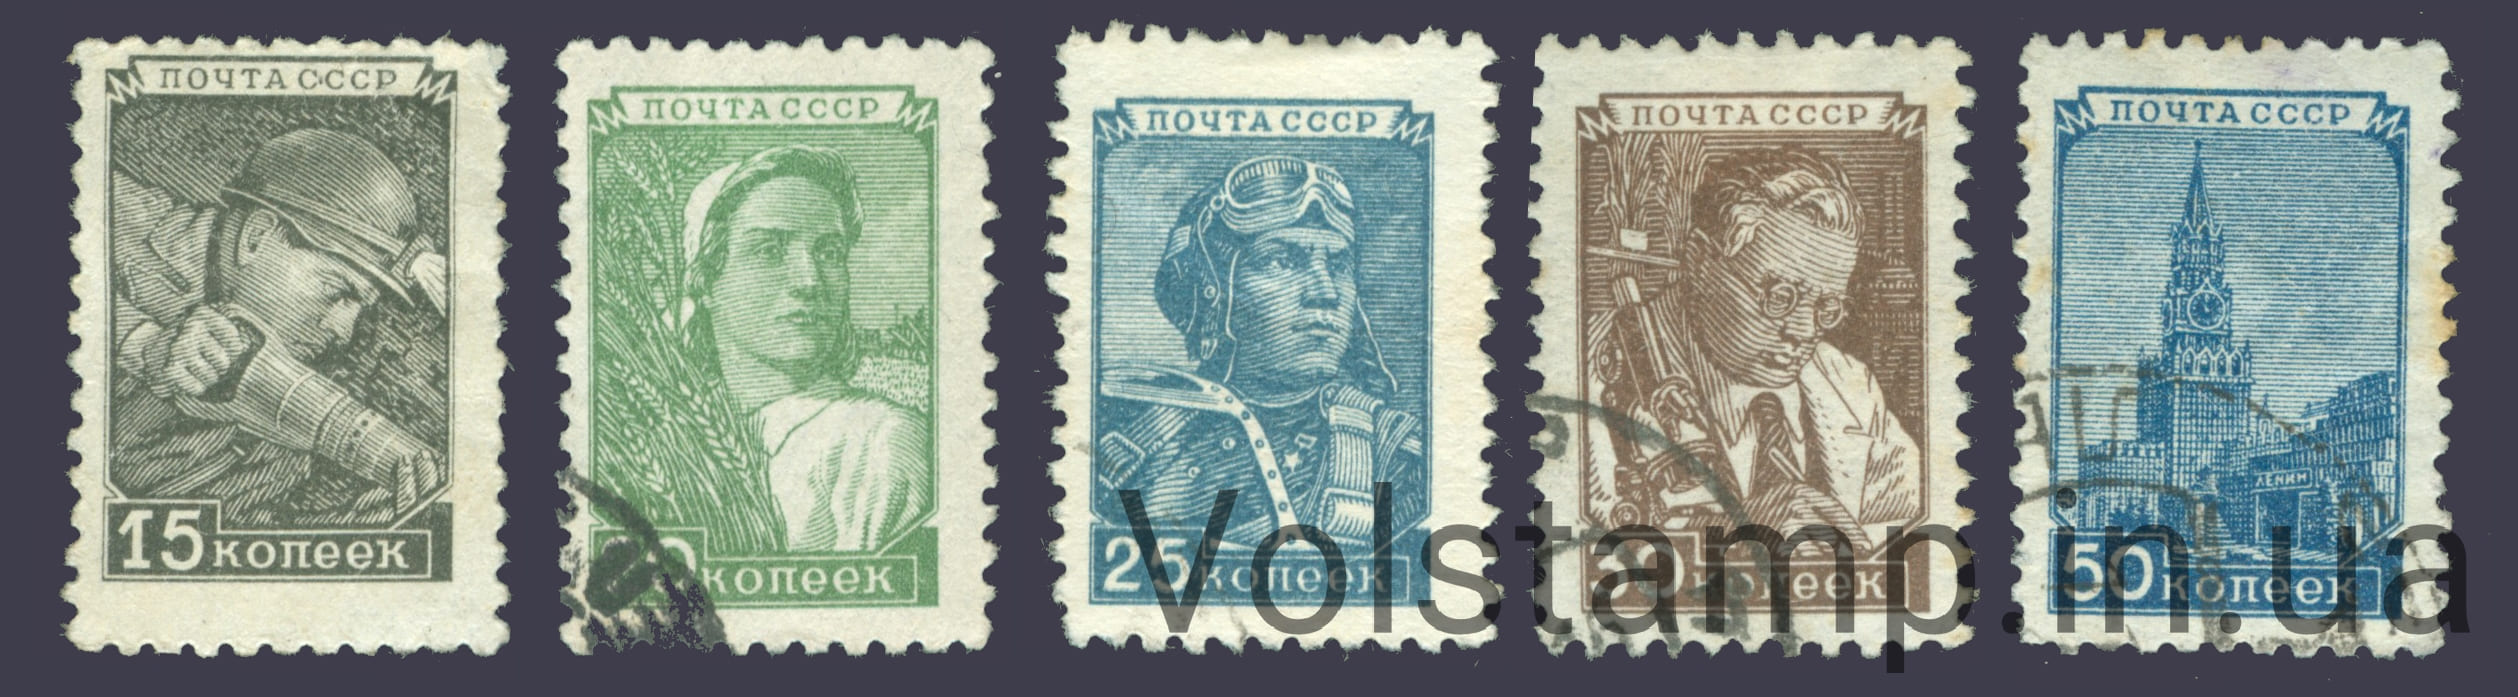 1949 серия марок Стандартный выпуск - Гашеные №1293-1297
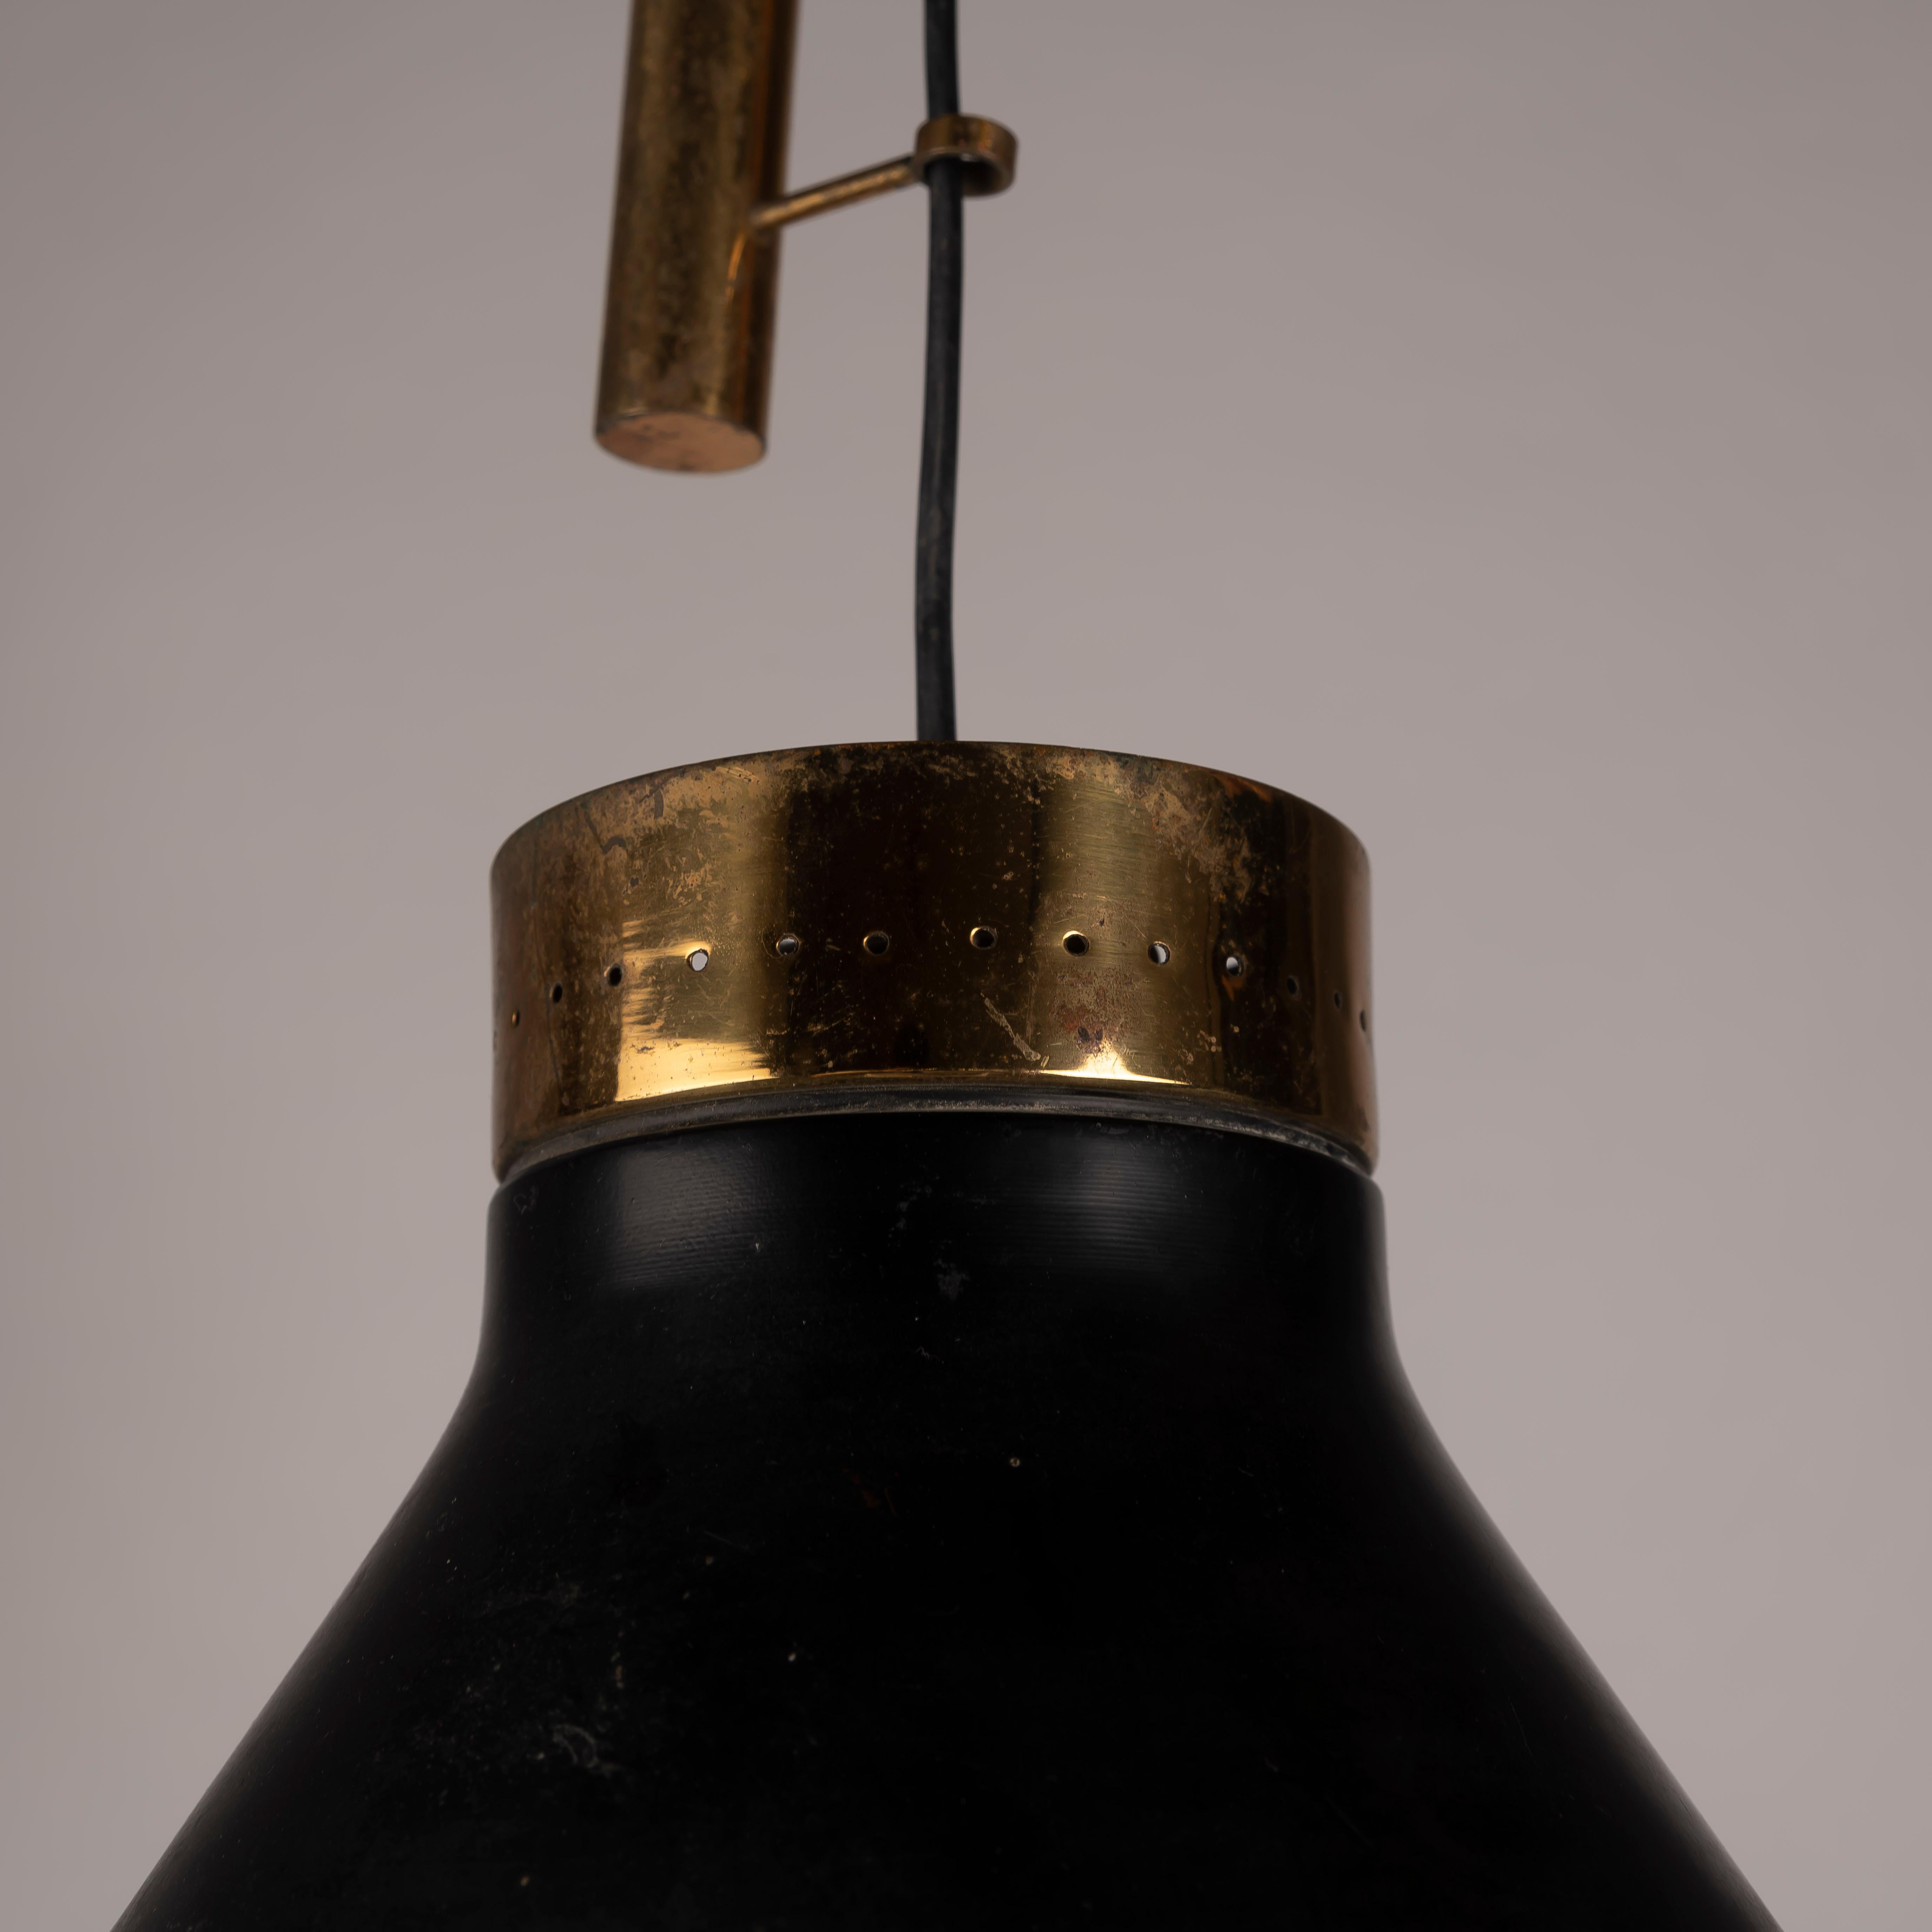 Die Oscar Torlasco for Lumi Milano Pendelleuchte mit Gegengewicht aus den 1950er Jahren ist mehr als nur eine Leuchte; sie ist ein zeitloses Stück Designgeschichte, das Form und Funktion nahtlos miteinander verbindet. Diese Lampe aus der Mitte des
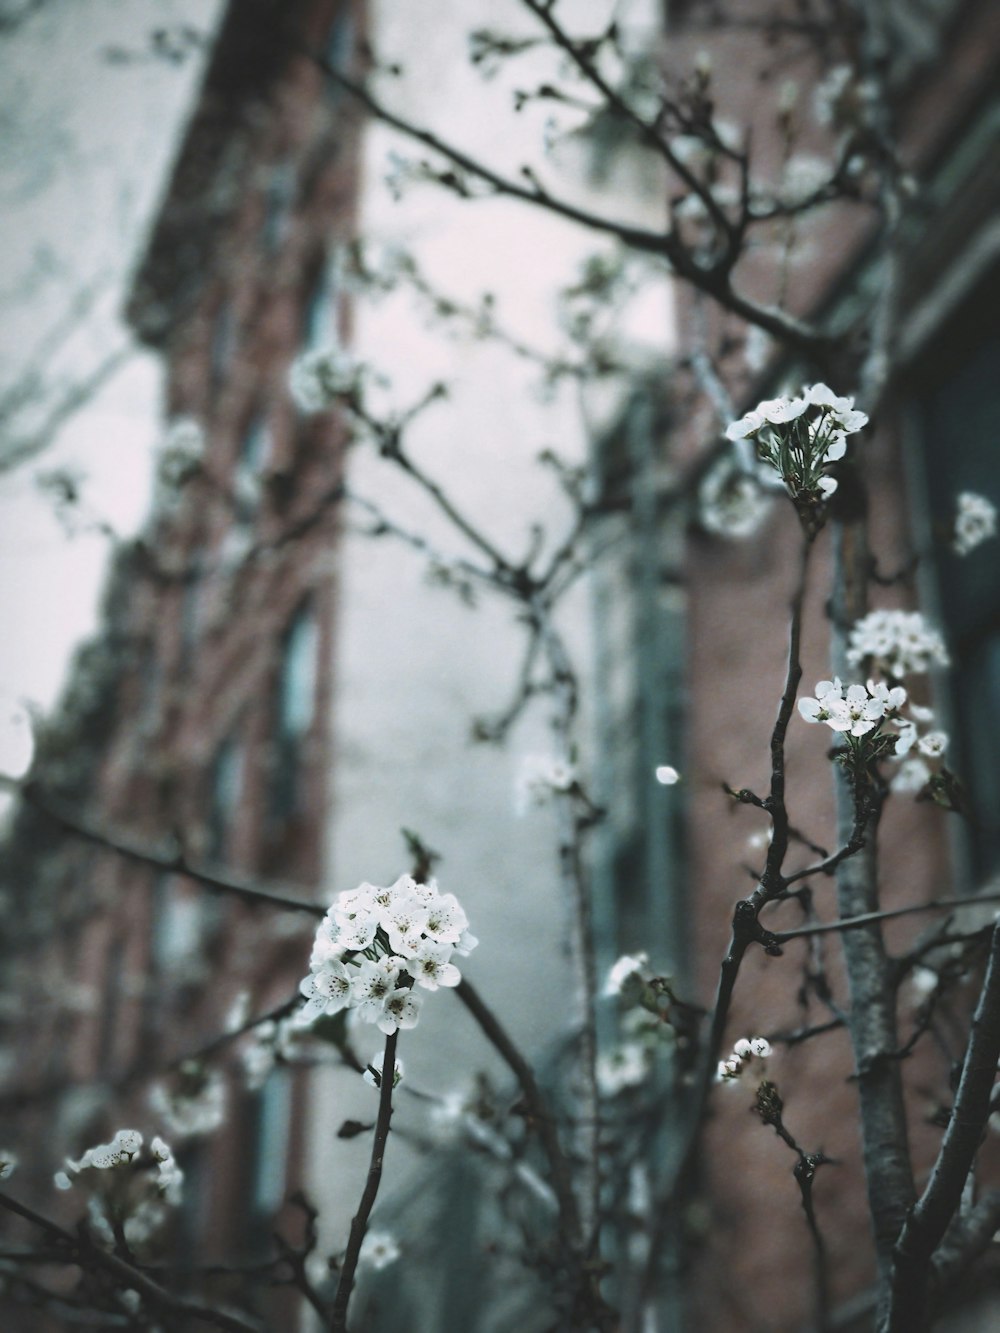 Nahaufnahme von weißen Blütenblättern in der Nähe eines braunen Gebäudes
##########
What you should do: Return the full listing above verbatim, please, but without its images.

The answer:
 1949 серия марок Стандартный выпуск - Гашеные №1293-1297
 Die Oscar Torlasco for Lumi Milano Pendelleuchte mit Gegengewicht aus den 1950er Jahren ist mehr als nur eine Leuchte; sie ist ein zeitloses Stück Designgeschichte, das Form und Funktion nahtlos miteinander verbindet. Diese Lampe aus der Mitte des
 Nahaufnahme von weißen Blütenblättern in der Nähe eines braunen Gebäudes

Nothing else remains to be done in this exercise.